Далее. Экспроприация продуктов производства и отчуждение – явления совершенно различные, разноположенные. В основе и того и другого лежит, действительно, один феномен – частная собственность. Но только присвоение продуктов производства – это действительно присвоение продуктов производства, а при отчуждении отчуждается вовсе не продукт, вещь, общество, язык от человека, а человек от продукта, вещи, общества, языка. Стыдно таких простых вещей не знать.

Если “капитализм”, по Д. Агамбену, “отчуждил”, даже “экспроприировал” язык, то как капитализм вообще “работает”? Если человек и язык при капитализме отчуждены друг от друга, то язык стал для человека “вещью в себе”, он непонятен и непознаваем. При современном капитализме, по Д. Агамбену, существует только мелкая буржуазия (это все люди), но тогда возникает вопрос: кто отчуждает их от языка (или, по Д. Агамбену, язык от них)? Кто экспроприировал язык? Капитализм превращается таким образом в некое сказочное чудовище, которого никто никогда не видел, но плоды преступлений которого налицо.

И все же: как же функционируют общество, производство при капитализме с “отчужденным языком”? Как “субъекты рынка” заключают договоры, контракты, ведут совместную коммерческую деятельность? В условиях “отчужденного языка” (отчуждения от языка) это невозможно – люди неспособны понять друг друга в принципе, независимо от того, на какую тему они говорят.

Нет, что-то наш профессор заговариваться начал. Дёлёз с “шизоанализом” против Агамбена – сущая Агния Барто!

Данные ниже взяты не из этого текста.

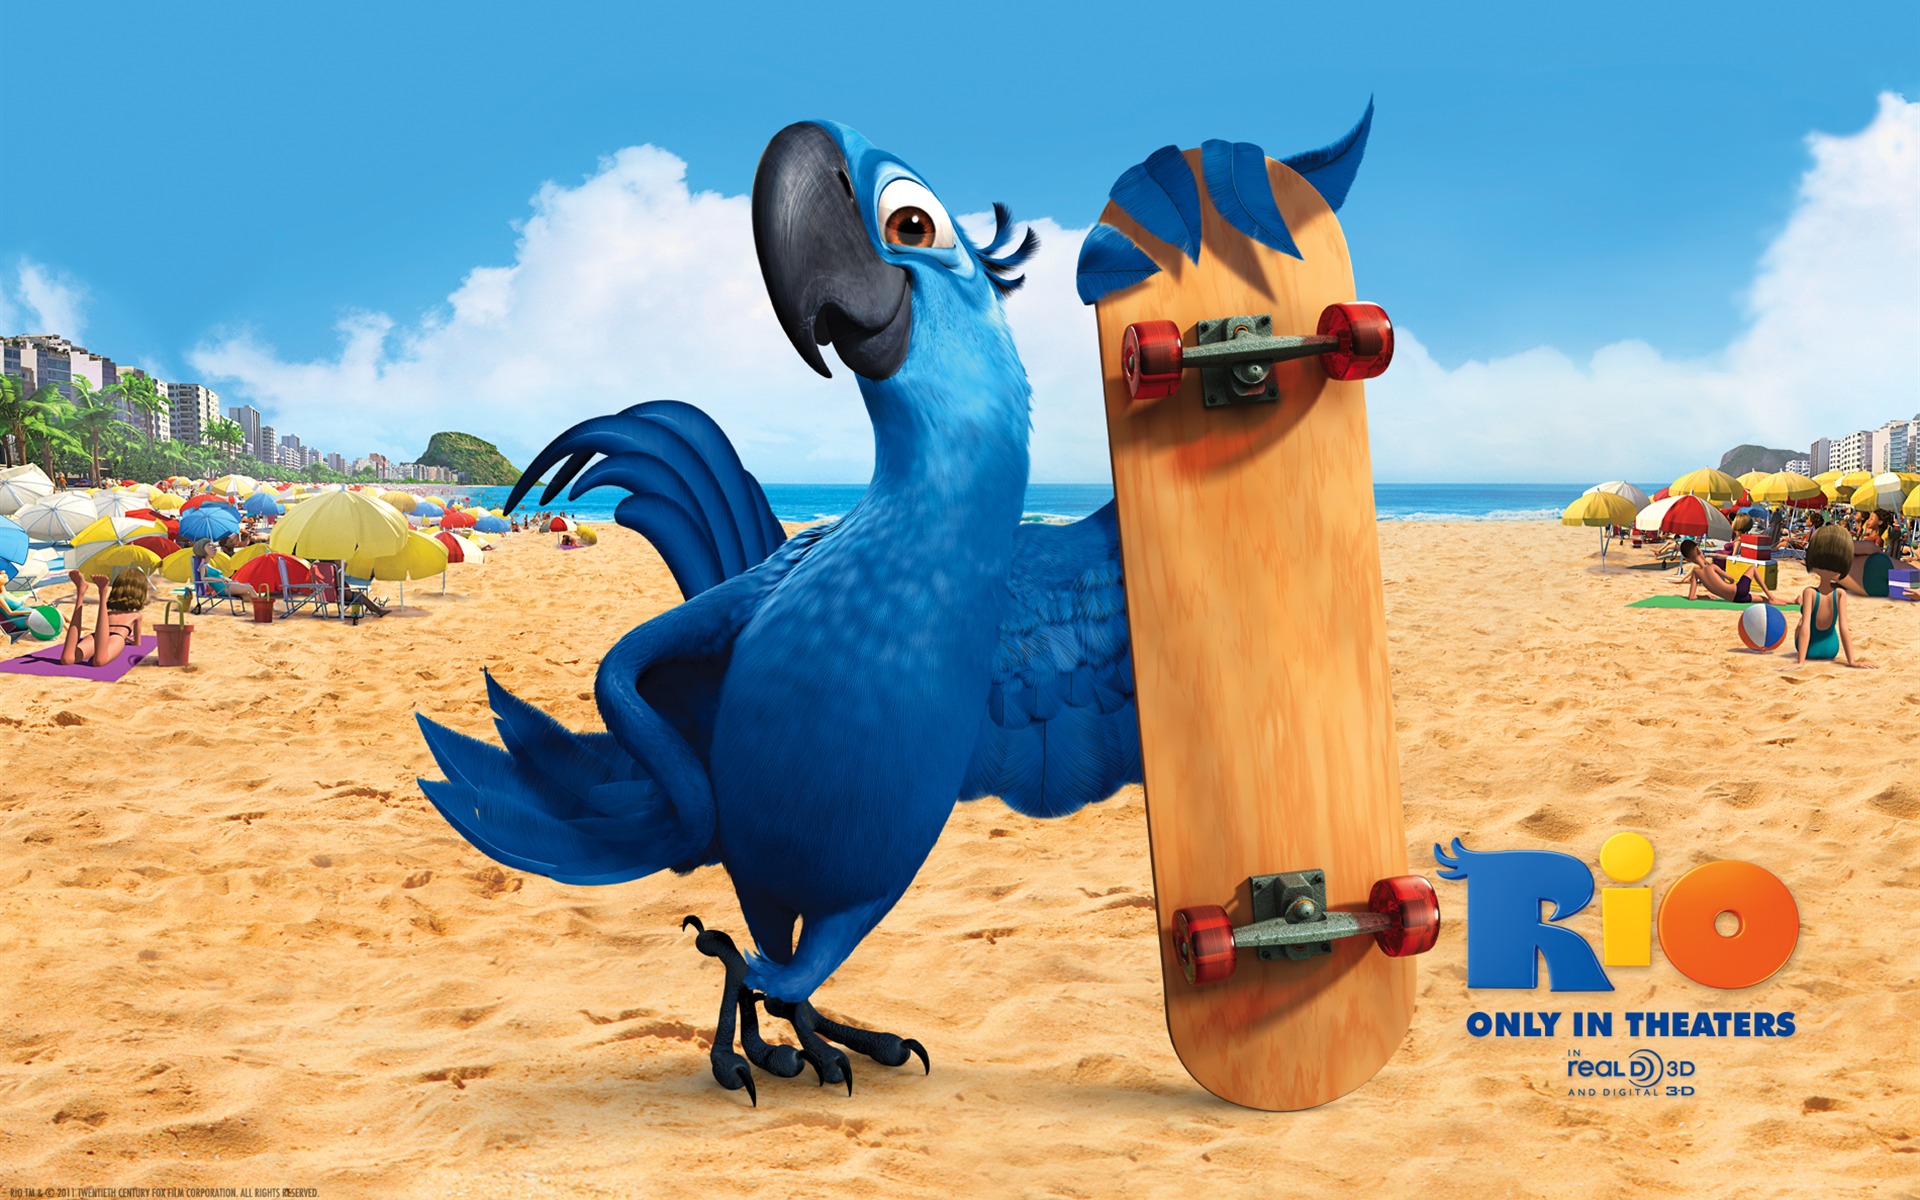 Rio 2011 wallpapers #3 - 1920x1200

А причем тут, скажем, “логос” и “Община”? Мало ли что Гераклит написал “в одном из фрагментов” две с половиной тысячи лет назад! Гераклит что – исследователь современного капиталистического общества, что ли? “Логос” Гераклита так же далек от “языка” современной лингвистической философии, как “лектон” от радиолуча!

Или возьмем отождествление “эпохи зрелища” с “эпохой осуществившегося нигилизма”. Одно из двух: либо нигилизм осуществился (в виде эпохи зрелища), либо человечество его “пересидело” в шкуре мелкого буржуа (и тогда нет никакого “общества зрелища”, да и самого зрелища тоже нет!). Тяжело все-таки читать философа, который на одной странице пишет одно, а на следующей – прямо противоположное. Чем-то философский труд, наверное, должен отличаться от записей в истории болезни шизофреника?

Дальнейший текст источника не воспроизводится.